IIEffective Insolvency and Creditor Rights Systems

The legislative framework for Singapore's insolvency regime is derived from English legal tradition. According to a variety of sources, the system is efficient and inexpensive. In recent years, the core insolvency legislation, the Bankruptcy Act and the Companies Act, have been amended in order to remain in step with international practice, particularly as it evolved in England. In 2006, the Insolvency Practitioners Association of Singapore (IPAS) was created. This is a professional association that performs both supervisory and advisory functions. It also fulfills a public education mission regarding insolvency and bankruptcy, and maintains a library of resources for use by both laypersons and professionals in the field. The IPAS includes among its duties an ongoing review of insolvency legislation, proposing changes when the need for such is perceived. For instance, the Organization for Economic Cooperation and Development reported in 2004 that Singapore was in the process of drafting omnibus insolvency legislation that would reduce the complexity embodied in current law.

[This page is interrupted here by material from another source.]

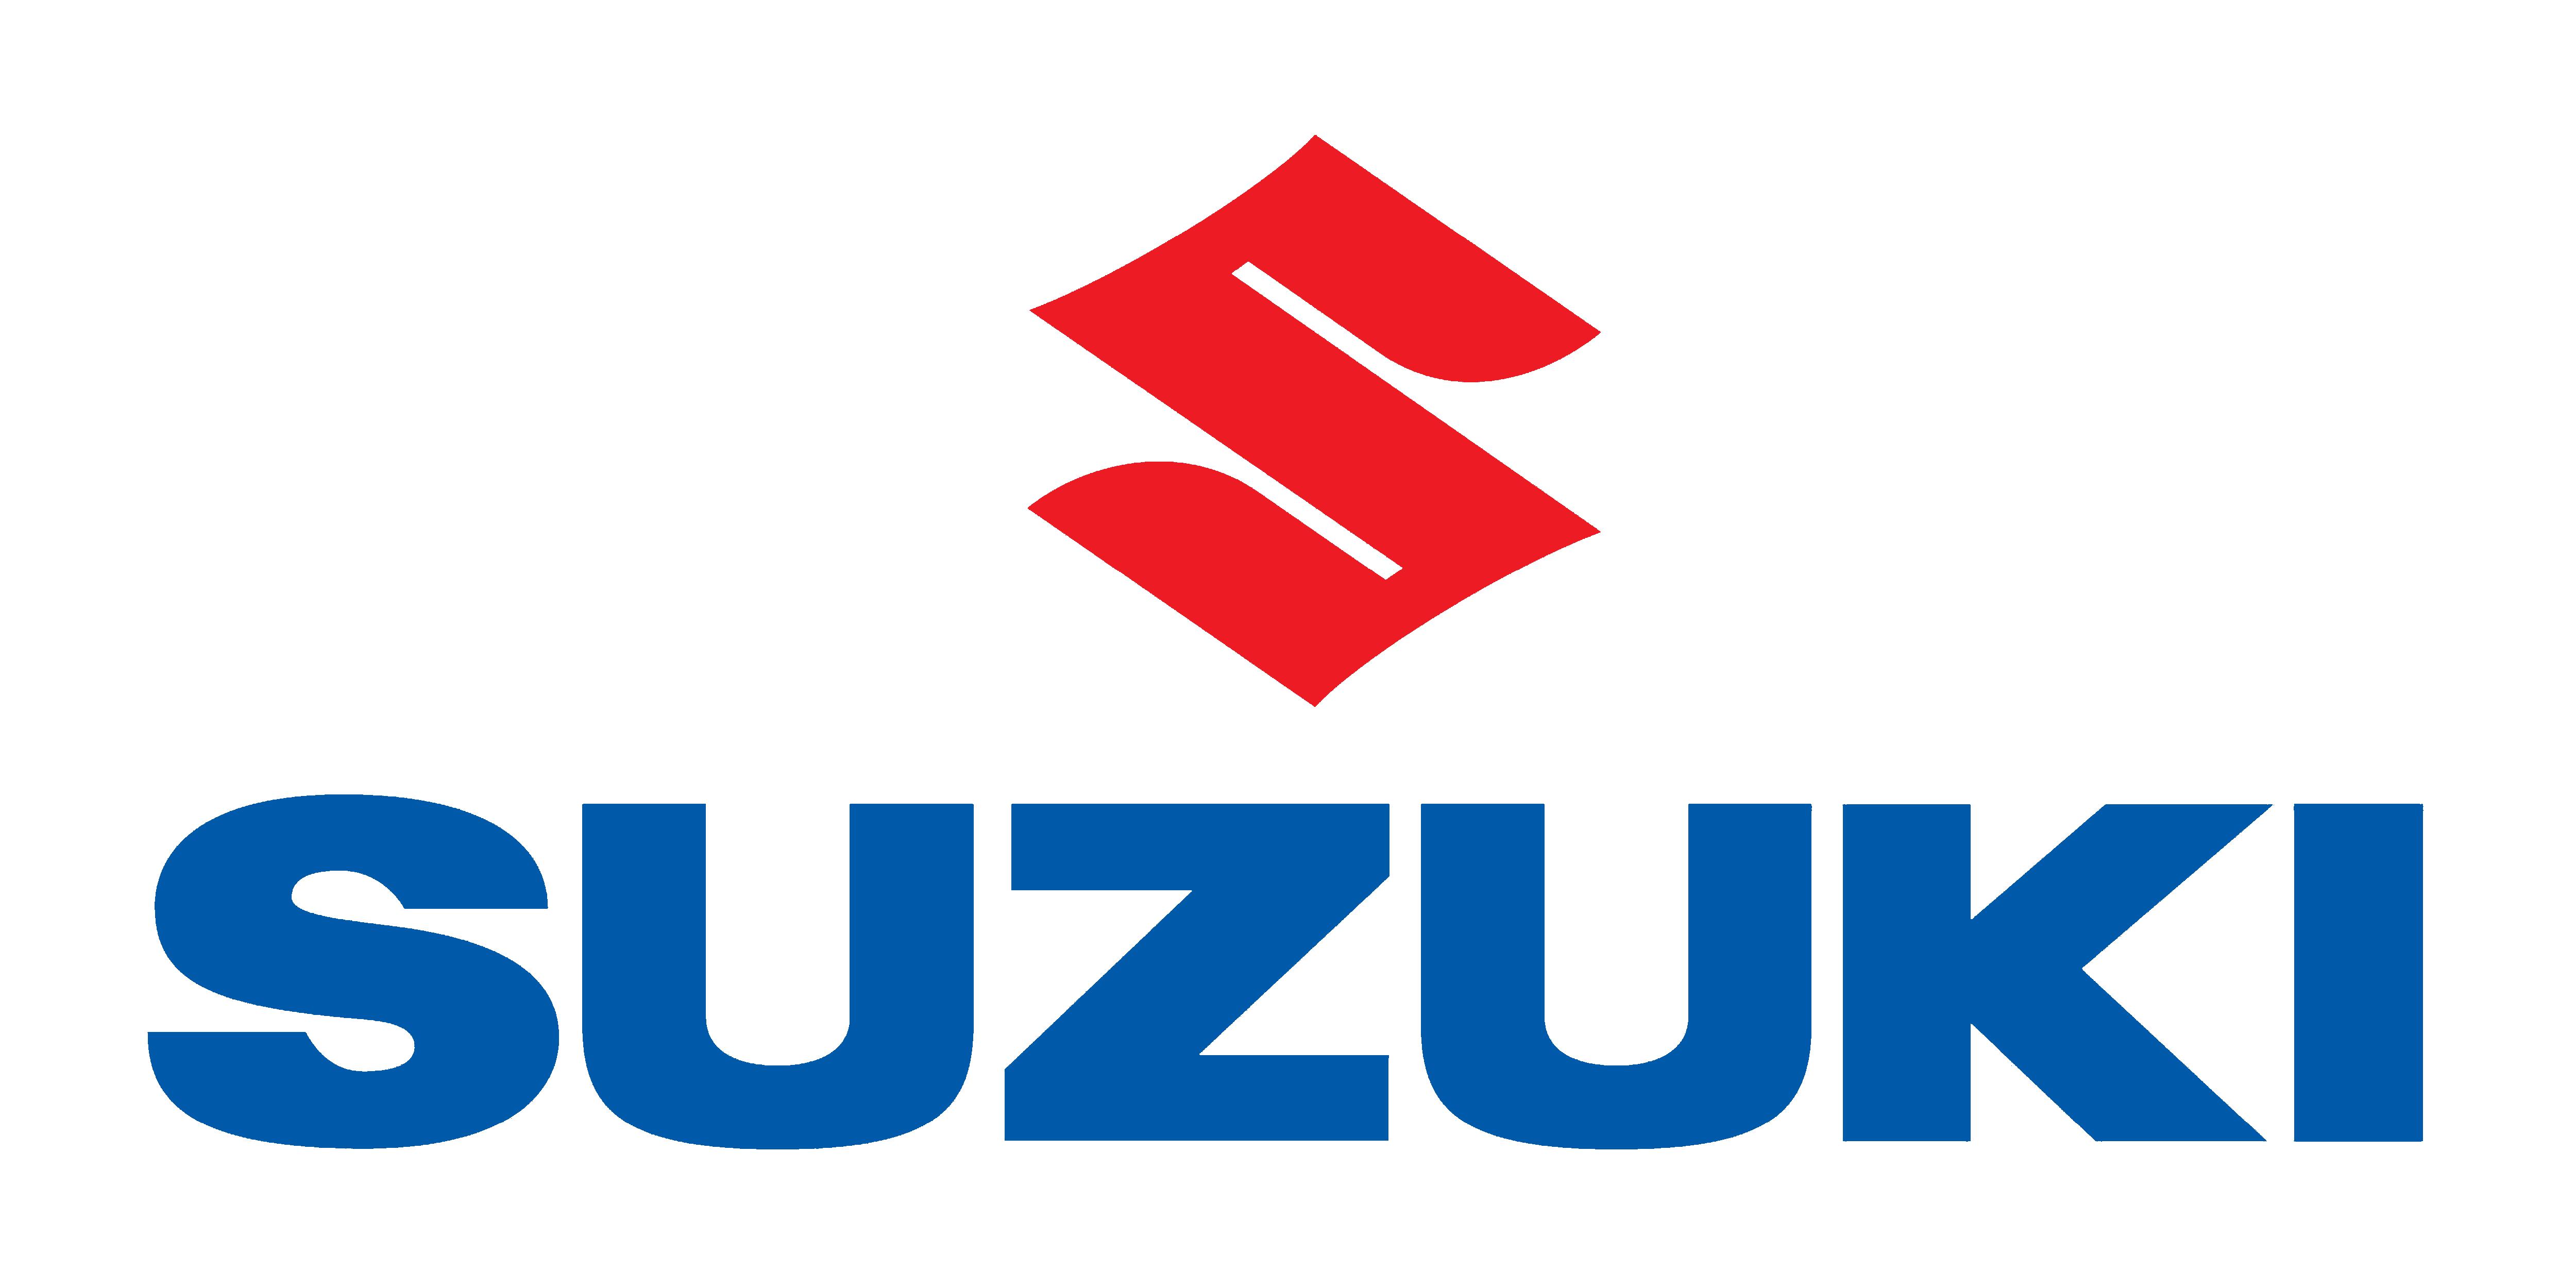 Suzuki HD PNG

The IPAS has offered for public comment the draft of an anticipatory amendment that would address the perceived potential for the over-extension of the new omnibus insolvency law (slated for parliamentary consideration in late 2010 or 2011) to the detriment of solvent companies. Despite this information, there is insufficient publicly available information that specifically addresses Singapore's compliance with the Principles and Guidelines for Effective Insolvency and Creditor Rights Systems developed by the World Bank.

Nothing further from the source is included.